Wordlists packaged and shared among researchers to measure bias in online texts often contain words, or “seeds,” with built-in biases and stereotypes, which could skew their conclusions, according to new Cornell research.
For example, the presence of the starting term “mom” in a text analysis exploring gender in domestic work would skew the female results.
“We need to know what biases are encoded in the models and the data sets. Our article takes a step back and takes a critical look at the measurement tools themselves, ”said Maria Antoniak, PhD student and first author of“ Bad Seeds: Evaluating Lexical Methods for Bias Measurement ”, presented to the Association for Computational Linguistics and the 11th Joint International Conference on Automatic Natural Language Processing in August.
“What we find is that there can be biases there too. Even the tools we use are designed in a special way,” said Antoniak.
Antoniak co-wrote “Bad Seeds” with his advisor, David Mimno, associate professor in the Department of Information Science at Cornell Ann S. Bowers College of Computing and Information Science.

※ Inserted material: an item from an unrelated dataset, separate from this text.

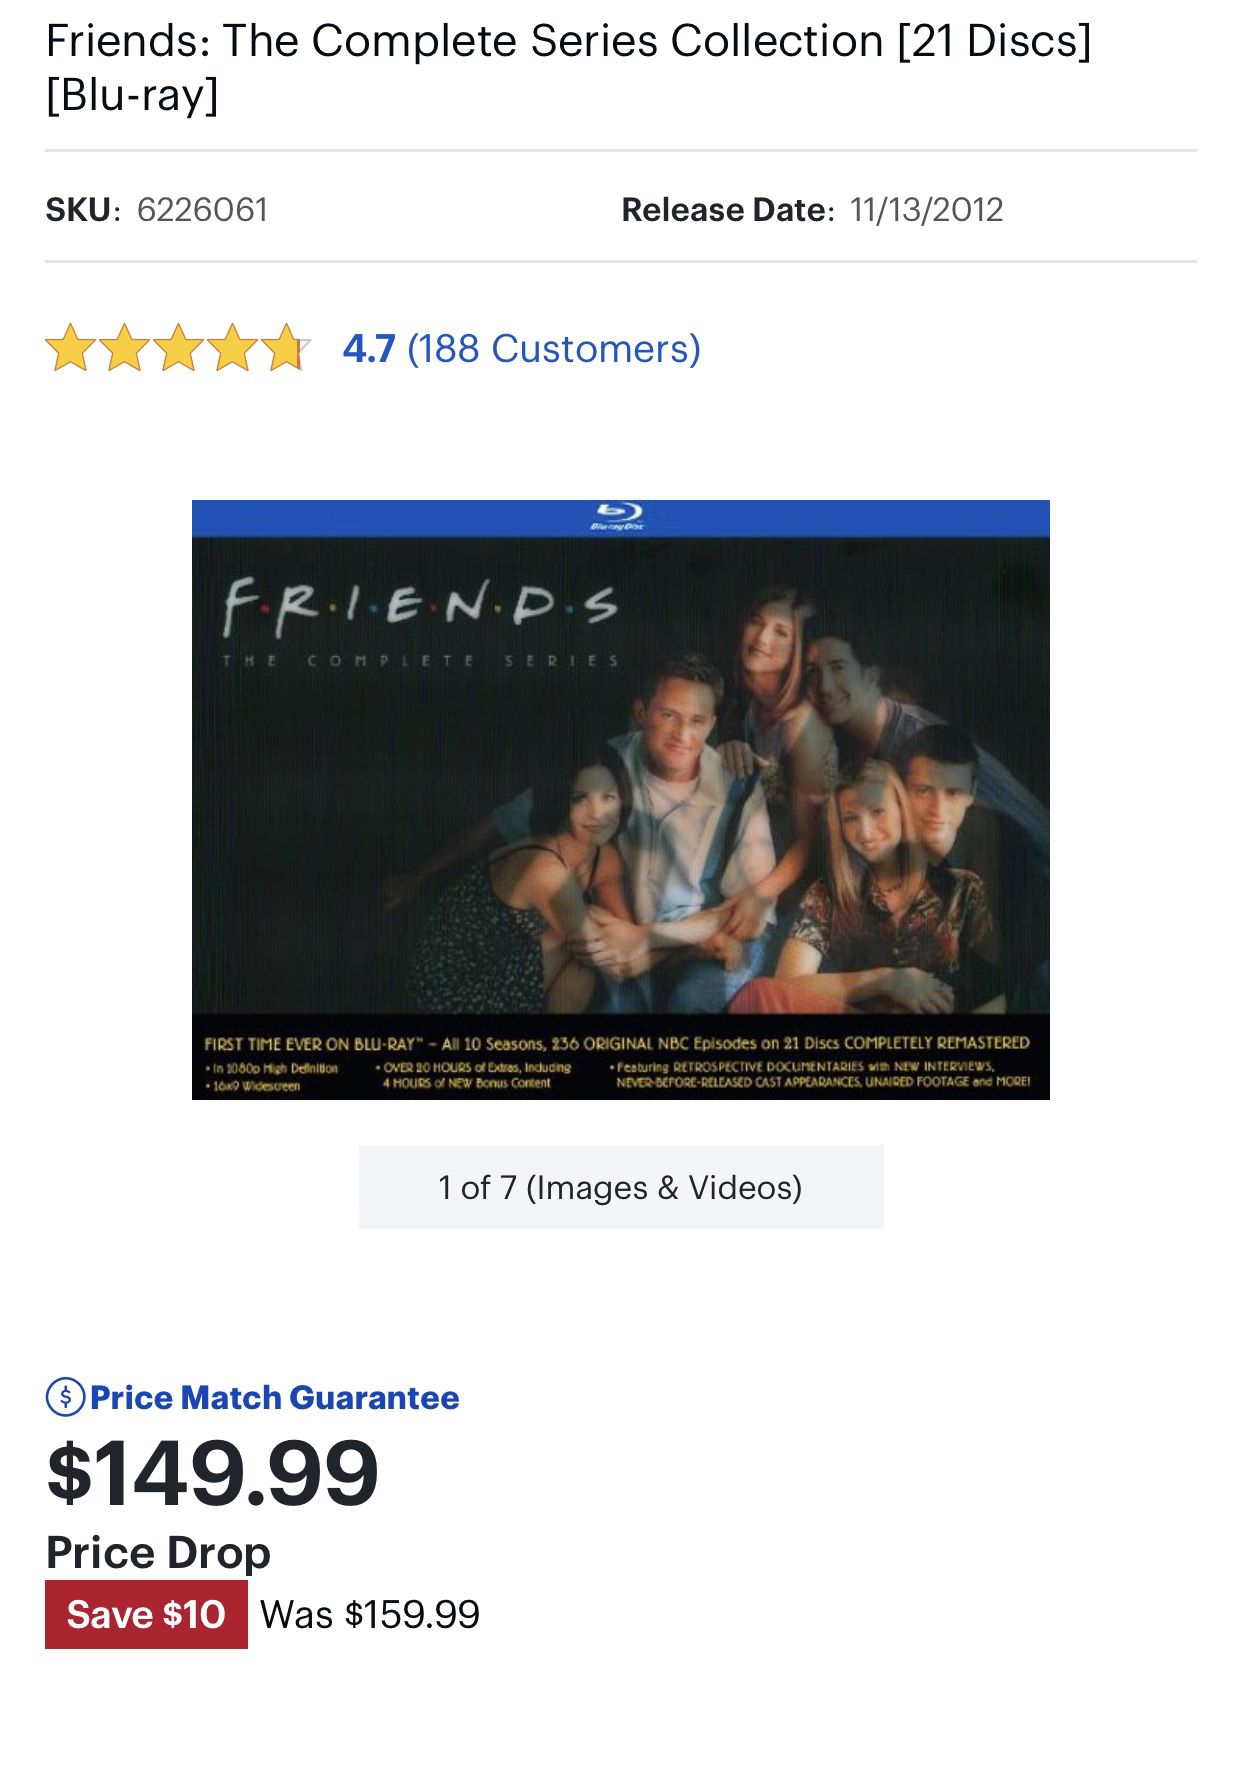 Friends Blu Ray Collection

“The seeds can contain prejudices and stereotypes, especially if they are packaged for future researchers to use,” she said. “Some seeds are not documented or lie deep in the code. If you just use the tool, you’ll never know.
In the digital humanities and the broader field of natural language processing (NLP), researchers use computational power to influence written language, extracting thousands of digitized volumes and millions of words to find patterns that inform a wide range of surveys.
It is through this type of computer analysis that Cornell’s digital humanities and NLP researchers learn about gender bias in sports journalism, the impeccable skills of ancient Greek writers to emulate their predecessors, the best approaches. to appease a person who reaches out to a crisis text. line, and the culture that informed British fiction in the late 19th and early 20th centuries.
In previous research, Antoniak pulled birth stories online and discovered new parents’ feelings of helplessness in the delivery room. More recently, in an article published at this month’s ACM Conference on Computer Assisted Cooperative Work and Social Computing (CSCW), she and the Cornell co-authors analyzed a community of book reviews in line to understand how users are refining and redefining literary genres.
This type of text analysis can also be used to measure bias across an entire digital library or corpus, whether it’s the entire Wikipedia, for example, or the collected works. by Shakespeare. To do this, researchers use online lexicons, or source word and term banks. These lexicons are not always verified: some are collected by the public, hand-selected by researchers or drawn from previous research.
Antoniak’s motivation to look for bias in lexicons came after seeing wobbly results in his own research when using an online lexicon of basic terms.
“I trusted the words, which came from trusted authors, but when I looked at the lexicon, it wasn’t what I expected,” said Antoniak. “The original researchers may have done a fabulous job saving their seeds for their datasets. It doesn’t mean that you can just pick it up and apply it to the next case.
As explained in “Bad Seeds”, the seeds used for the measurement of biases may themselves have cultural and cognitive biases.
“The aim is not to undermine the results but to help researchers think about the potential risks of the seed sets used for bias detection,” she said. “Investigate them and test them for yourself to make sure the results are trustworthy. “
As part of his findings, Antoniak recommends that digital humanities and NLP researchers trace the origins of sets of seeds and features, examine and test them manually, and document all seeds and rationale.
This research is supported by the National Science Foundation.
Louis DiPietro is a communications specialist at Cornell Ann S. Bowers College of Computing and Information Science.